Work to complete:
Starting at the line containing "pop-arazzi nail polish" and ending at the line containing "1 43 Cadillac", print every line of the material below exactly, both ends included, and stop there.
Segment Start: Given records
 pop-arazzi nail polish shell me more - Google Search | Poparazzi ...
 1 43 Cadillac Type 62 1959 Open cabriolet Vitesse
Segment End: Given records
Segment Start: Given records
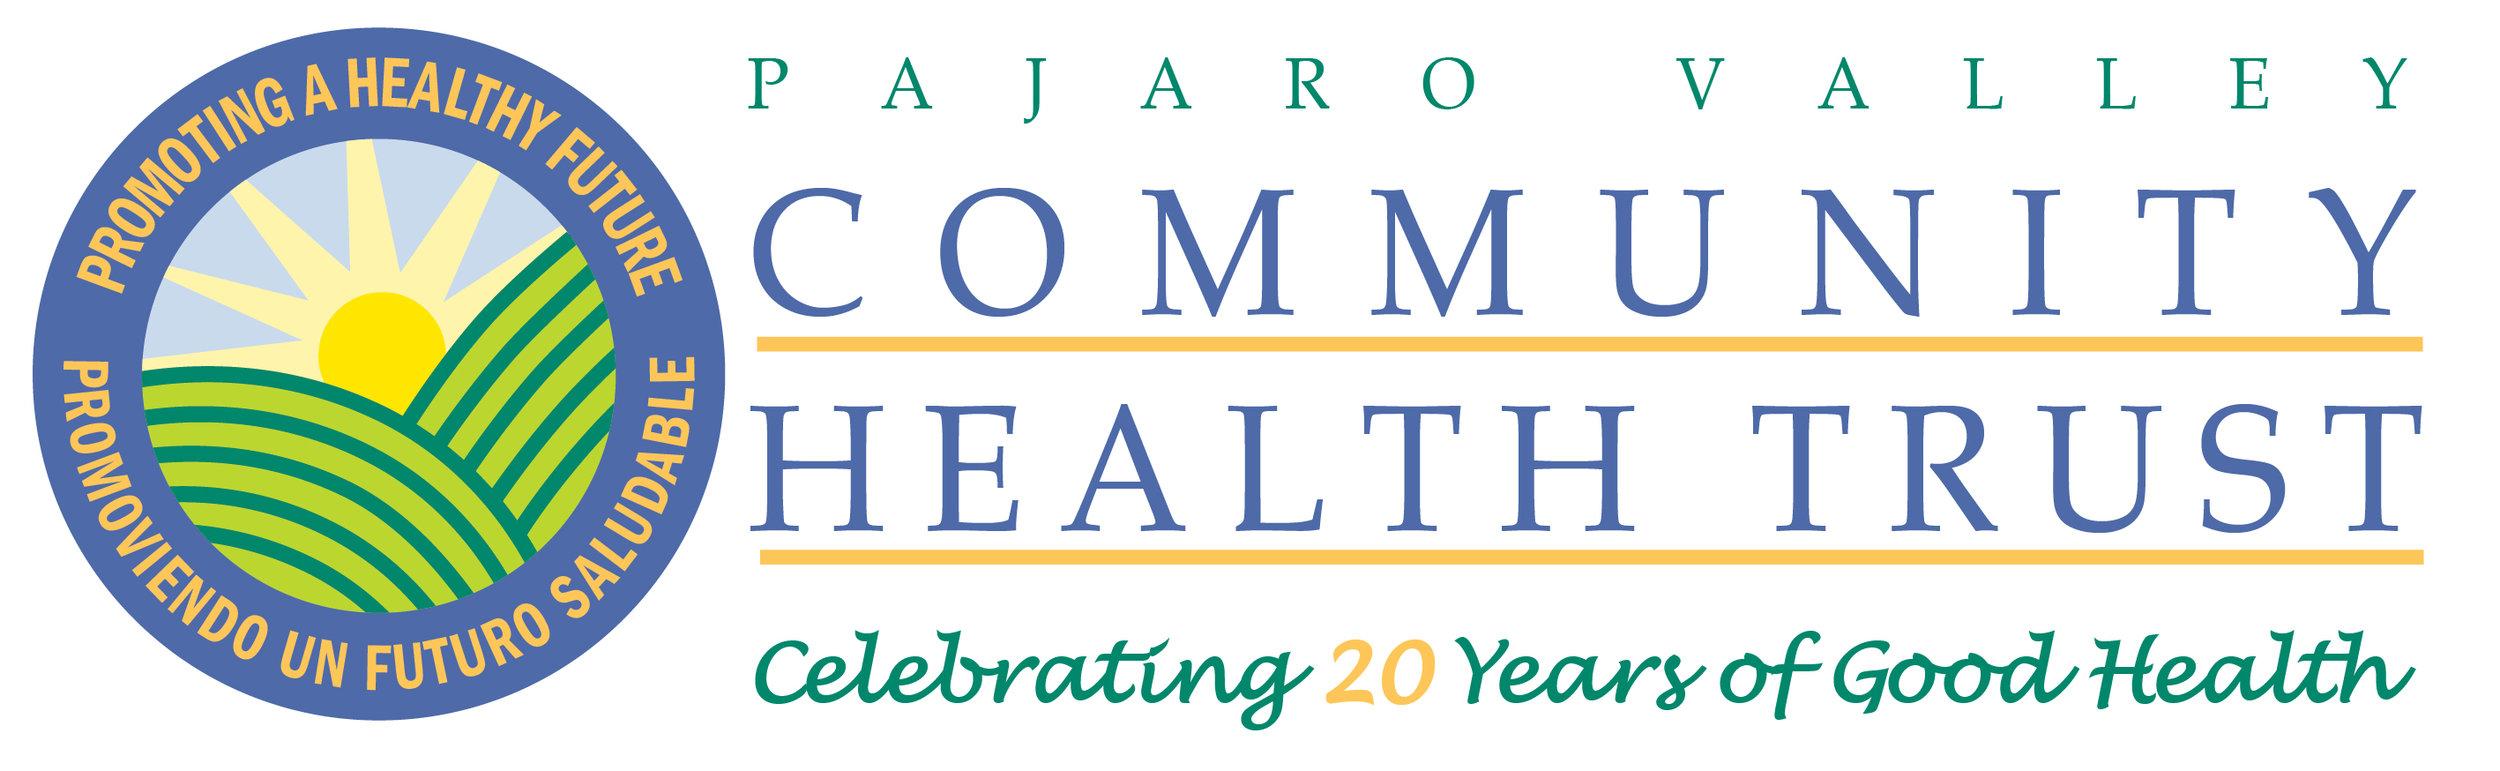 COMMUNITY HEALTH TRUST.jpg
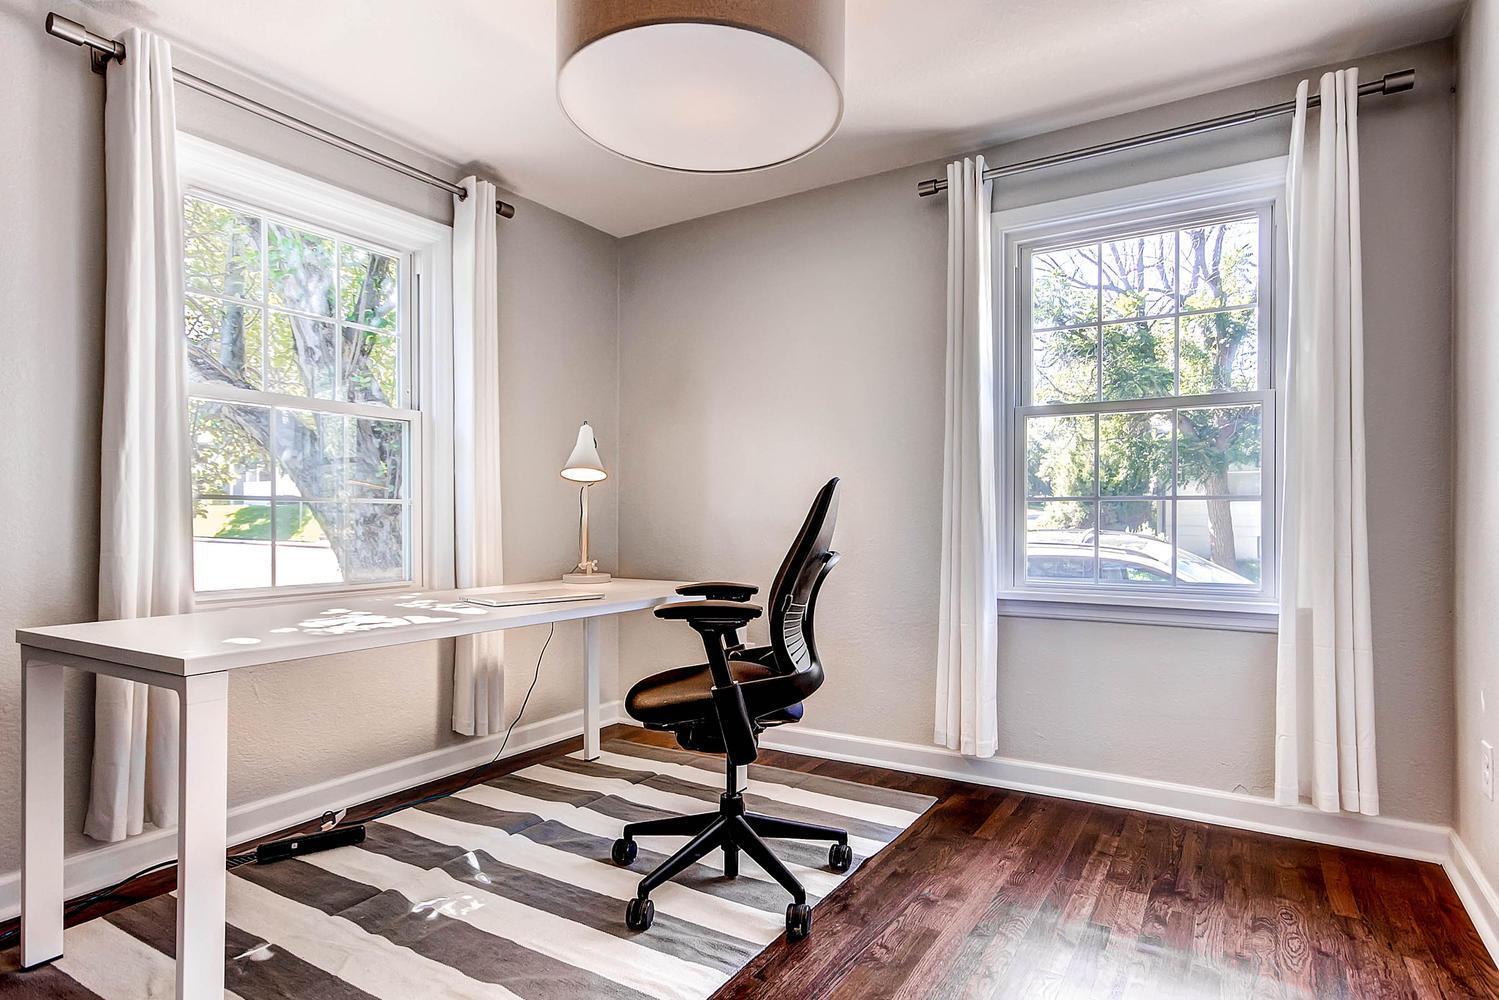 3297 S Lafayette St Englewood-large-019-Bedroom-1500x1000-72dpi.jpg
Segment End: Given records
Segment Start: Given records
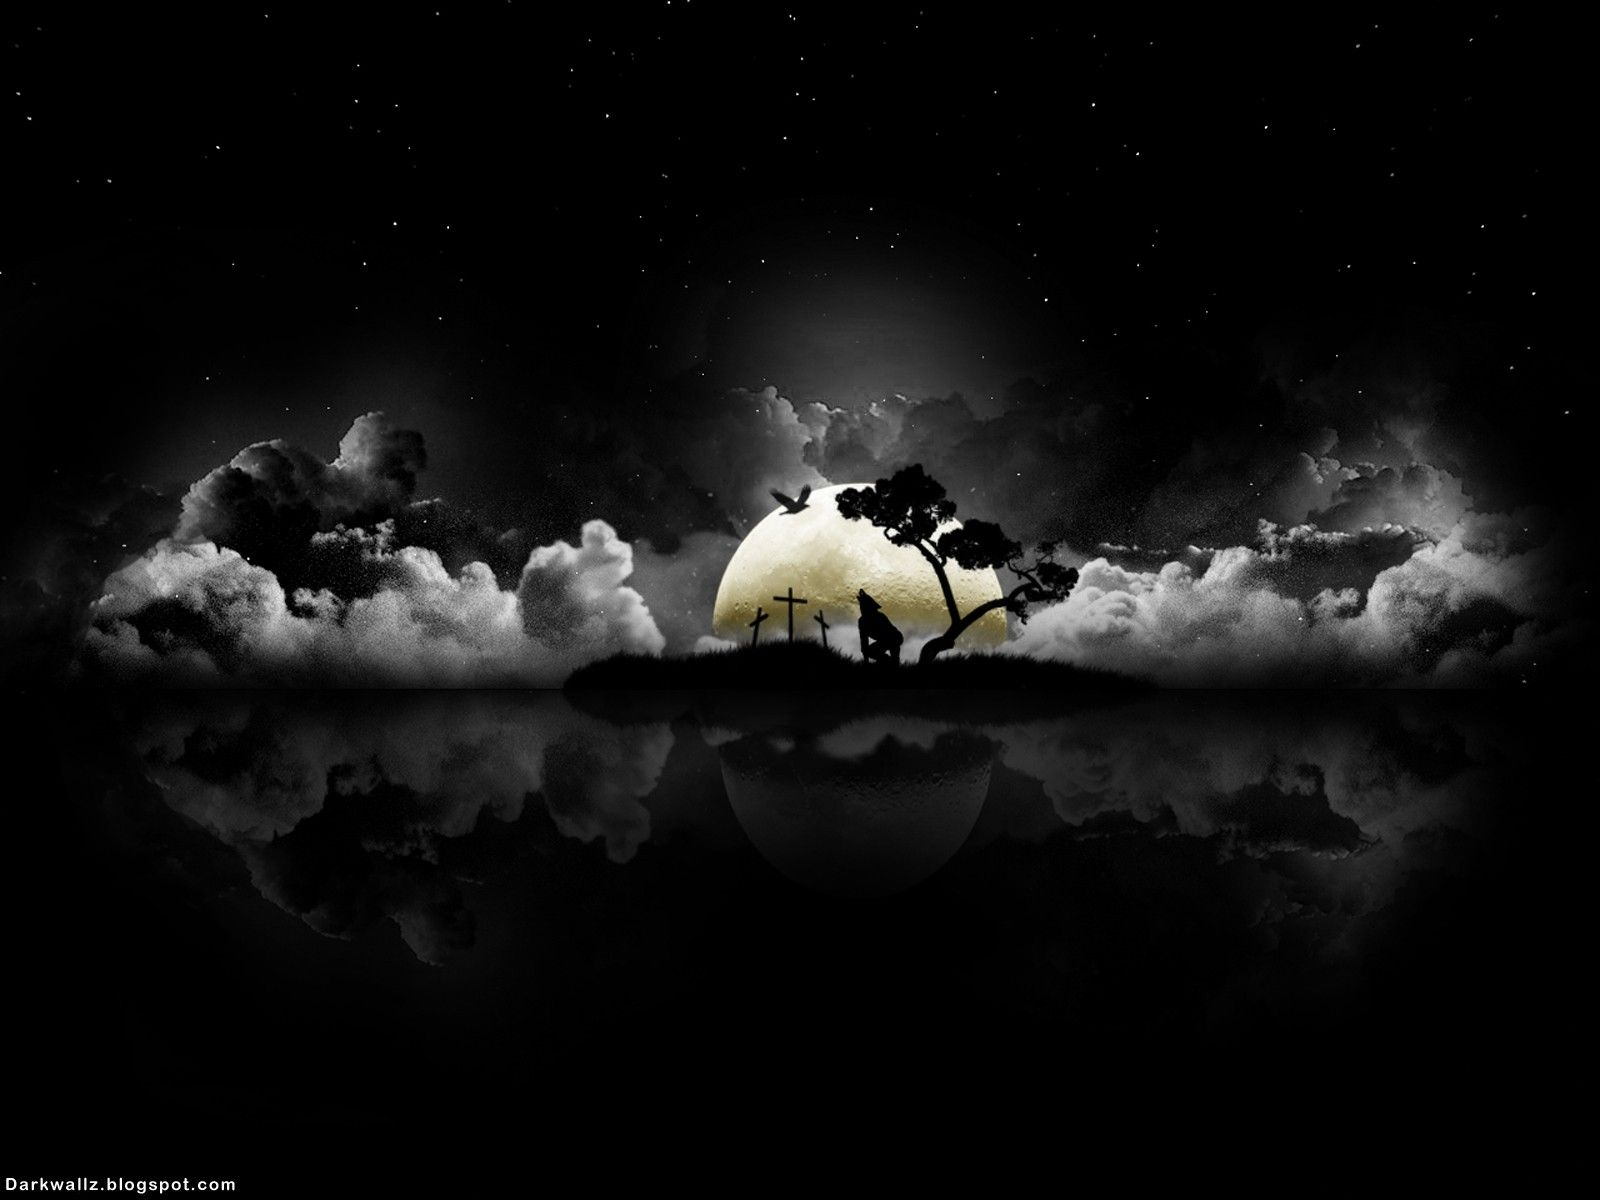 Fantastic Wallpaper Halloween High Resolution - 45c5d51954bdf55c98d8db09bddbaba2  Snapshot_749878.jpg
Segment End: Given records
Exercise output:
 pop-arazzi nail polish shell me more - Google Search | Poparazzi ...
 1 43 Cadillac Type 62 1959 Open cabriolet Vitesse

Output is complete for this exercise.